SUPPLEMENTAL PAYMENTS TO FINANCIAL INSTITUTIONS
In addition to payments made pursuant to the Distribution Plan and Shareholder
Services Agreement, Federated Securities Corp. and Federated Shareholder
Services, from their own assets, may pay financial institutions supplemental
fees for the performance of substantial sales services, distribution-related
support services, or shareholder services. The support may include sponsoring
sales, educational and training seminars for their employees, providing sales
literature, and engineering computer software programs that emphasize the
attributes of the Fund. Such assistance will be predicated upon the amount of
shares the financial institution sells or may sell, and/or upon the type and
nature of sales or marketing support furnished by the financial institution. Any
payments made by the distributor may be reimbursed by the Fund's Manager or its
affiliates.
FUND ADMINISTRATION
ADMINISTRATIVE SERVICES
Federated Services Company, a subsidiary of Federated Investors, provides the
Manager with the administrative personnel and services necessary to provide
shareholder servicing and certain legal and accounting services.
BROKERAGE TRANSACTIONS
When selecting brokers and dealers to handle the purchase and sale of portfolio
instruments, the Managers look for prompt execution of the order at a favorable
price. In working with dealers, the Managers will generally utilize those who
are recognized dealers in specific portfolio instruments, except when a better
price and execution of the order can be obtained elsewhere. In selecting among
firms believed to meet these criteria, the Managers may give consideration to
those firms which have sold or are selling Shares of the Fund and other funds
distributed by Federated Securities Corp.

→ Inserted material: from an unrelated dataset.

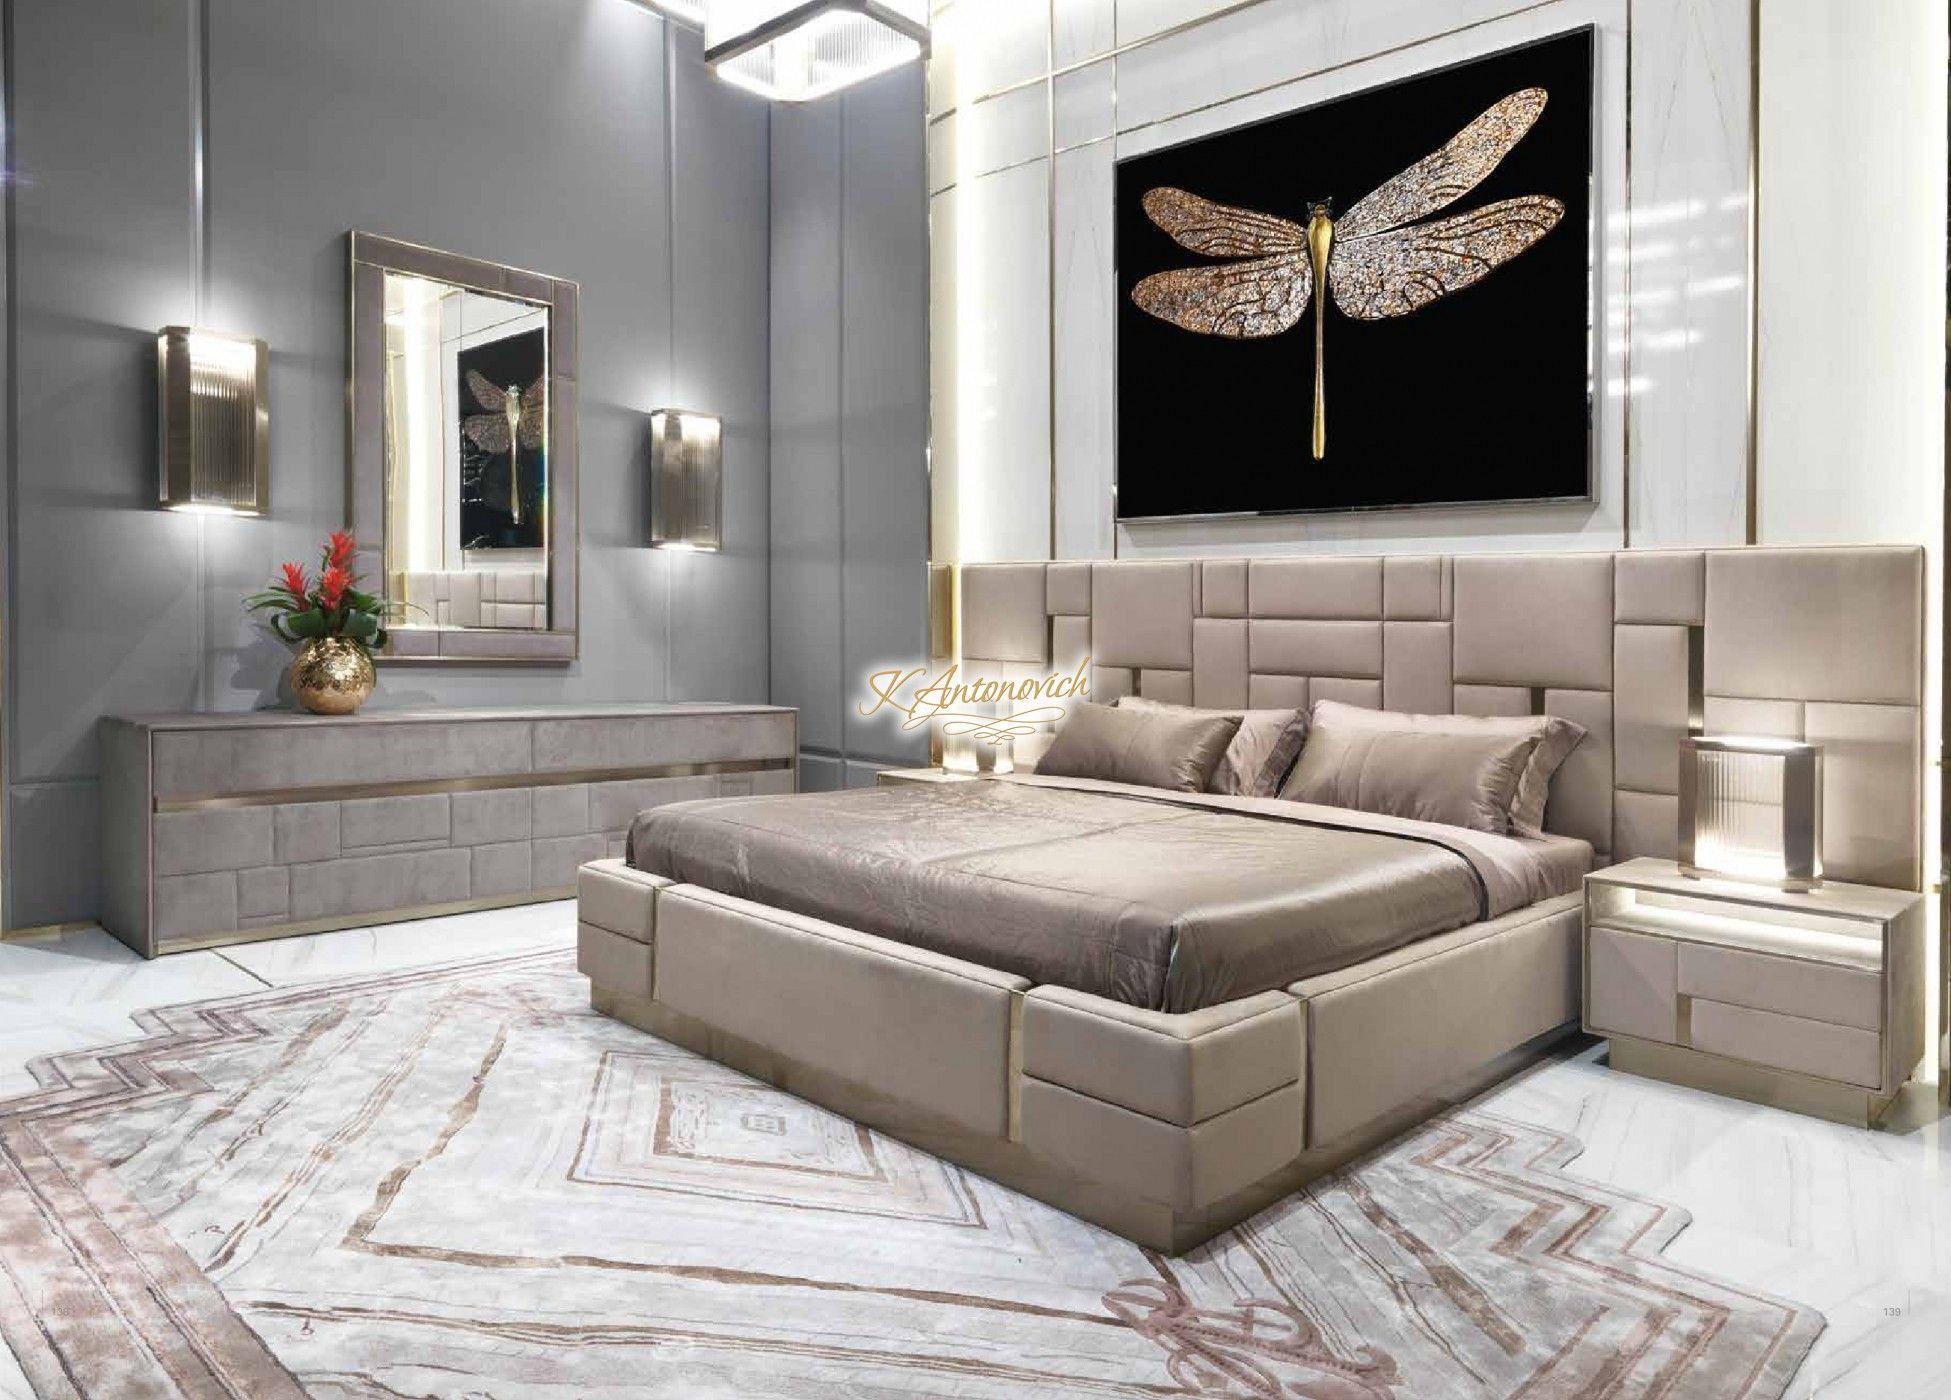 10 Luxury Bedroom Ideas Stunning Luxury Beds In Glamorous Bedrooms Modern Luxury Bedroom Bedroom Furniture Design Glamourous Bedroom

The Managers make decisions on
portfolio transactions and select brokers and dealers subject to review by the
Trustees.
EXPENSES OF THE FUND AND INSTITUTIONAL SERVICE SHARES
Holders of Shares pay their allocable portion of Trust and Fund expenses.
The Trust expenses for which holders of Shares pay their allocable portion
include, but are not limited to the cost of: organizing the Trust and continuing
its existence; registering the Trust with federal and state securities
authorities; Trustees' fees; auditors' fees; meetings of Trustees and
shareholders and proxy solitations therefor; legal fees of the Trust;
association membership dues; and such non-recurring and extraordinary items as
may arise from time to time.
The Fund expenses for which holders of Shares pay their allocable portion
include, but are not limited to: registering the portfolio and Shares of the
portfolio; investment advisory services; taxes and commissions; custodian fees;
insurance premiums; auditors' fees; and such non-recurring and extraordinary
items as may arise from time to time.
At present, the only expenses which are allocated specifically to Shares as a
class are expenses under the Trust's Shareholder Services Agreement. However,
the Trustees reserve the right to allocate certain other expenses to holders of
Shares as they deem appropriate ("Class Expenses"). In any case, Class Expenses
would be limited to: transfer agent fees as identified by the transfer agent as
attributable to holders of Shares; printing and postage expenses relating to
preparing and distributing materials such as shareholder reports, prospectuses
and proxies to current shareholders; registration fees paid to the Securities
and Exchange Commission and to state securities commissions; expenses related to
administrative personnel and services as required to support holders of Shares;
and Trustees' fees incurred as a result of issues relating solely to Shares.
NET ASSET VALUE
The Fund's net asset value ("NAV") per Share fluctuates and is based on the
market value of all securities and other assets of the Fund. The NAV for Shares,
Institutional Shares and Class C Shares may differ due to the variance in daily
net income realized by each class. Such variance will reflect only accrued net
income to which shareholders of a particular class are entitled. The NAV for
Shares is determined by subtracting liabilities attributable to Institutional
Service Shares from the value of Fund assets attributable to Institutional
Service Shares and dividing the remainder by the number of Institutional Service
Shares outstanding.
INVESTING IN INSTITUTIONAL SERVICE SHARES
SHARE PURCHASES
Shares are sold on days on which the New York Stock Exchange is open. Shares of
the Fund may be purchased either by wire or mail. To purchase Shares of the
Fund, open an account by calling Federated Securities Corp. Information needed
to establish the account will be taken over the telephone. The Fund reserves the
right to reject any purchase request.
BY WIRE
To purchase Shares of the Fund by Federal Reserve wire, call the Fund to place
an order. Shareholders have until 4:00 p.m. (Eastern time) to call the Fund for
settlement on the next business day. However, in order to maximize the Fund's
ability to track the Index, shareholders are urged to transmit purchase requests
prior to 2:00 p.m. (Eastern time). The order is considered received immediately.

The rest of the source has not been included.